If all is well I think Immigration quoting a 6 month turnaround for Residency assuming all is straightforward with your application.
Visa is a reasonably high cost but if granted does allow you to live in NZ permanently.

Securing a Silver Fern visa is like a lottery. 300 available, you can only apply online, you must have all your details and payment ready to go when the online portal opens (29th April 10:00 NZ time) and they will go in less than 8 minutes!!!
Visa is low cost - around $200 but only allows you to come here for 9 months to find skilled work. If you don't find skilled work you must leave. If you do find work you must then apply for another visa associated with the Silver Fern visa which allows your stay upto 2 years depending on the work you have secured and the contract they have offered which is further cost.

:fingerscrossed:


----------



## mahendra.kadwa (Nov 3, 2012)

I'm delighted the way you have answered my queries. You have provided resolution to all of my queries except few given below.

Do I need to pay the fee as soon as I submit EOI?


----------



## escapedtonz (Apr 6, 2012)

mahendra.kadwa said:


> I'm delighted the way you have answered my queries. You have provided resolution to all of my queries except few given below.
> 
> Do I need to pay the fee as soon as I submit EOI?


Yes you will need to pay the EOI fee when you lodge the EOI. If you do this online NZ$510. If on paper NZ$650, then further down the line you must pay the Residency Application fee - I expect when you send in all your documents with the formal application after you have received ITA - from India which comes under Rest Of World NZ$2400, then assuming you are successful there is another fee - a Migrant Levy of NZ$310 each person over 5yrs old which is to be paid at the end.

If you use the services of an authorised Immigration consultant these costs are extra and nothing to do with Immigration. The company or consultant used will usually ask for a payment upfront which initiates your contract with them - consider this monies on account just like a solicitor would do, then payments as you go along depending on how long the process was to take.

Regards,


----------



## mahendra.kadwa (Nov 3, 2012)

Thanks a lot escapetonz.

So total cost would be around NZ $ 3360. 
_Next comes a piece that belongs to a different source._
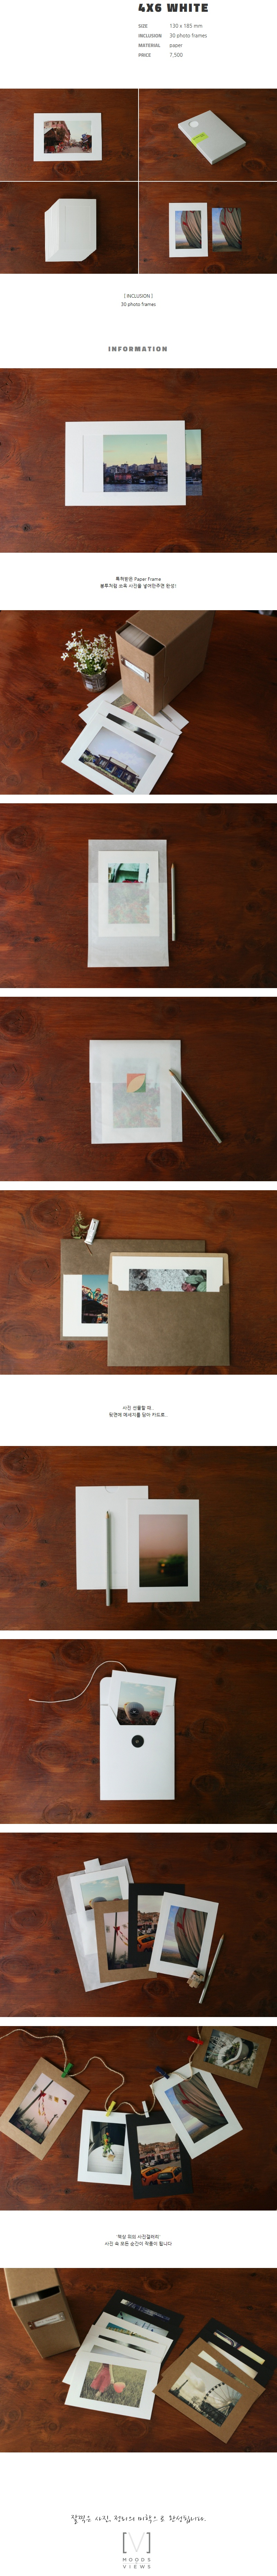 4x6 포토박스-리필 (화이트) - 무즈앤뷰즈, 7,500원, 테마앨범/테마북, 포토박스/프레임

What if I would like to do farming 10 years down the line? Will I be allowed to do so in NZ?

Best regards,
Mahendra


----------



## escapedtonz (Apr 6, 2012)

mahendra.kadwa said:


> Thanks a lot escapetonz.
> 
> So total cost would be around NZ $ 3360.
> 
> ...


I expect you can do anything you like after 10 years. I would assume by then you will have applied and been a citizen for 5 or so years, giving you all the rights that a kiwi has and to please themselves what they do for a career.

Regards,


----------



## mahendra.kadwa (Nov 3, 2012)

That's great. Thanks buddy


----------



## topcat83 (Apr 16, 2009)

escapedtonz said:


> I expect you can do anything you like after 10 years. I would assume by then you will have applied and been a citizen for 5 or so years, giving you all the rights that a kiwi has and to please themselves what they do for a career.
> 
> Regards,


Lol! Yip - you could work at whatever you liked once you have permanent residency. 

Hence why this computer analyst now has an alpaca farm!


----------



## mahendra.kadwa (Nov 3, 2012)

Thanks topcat83.


----------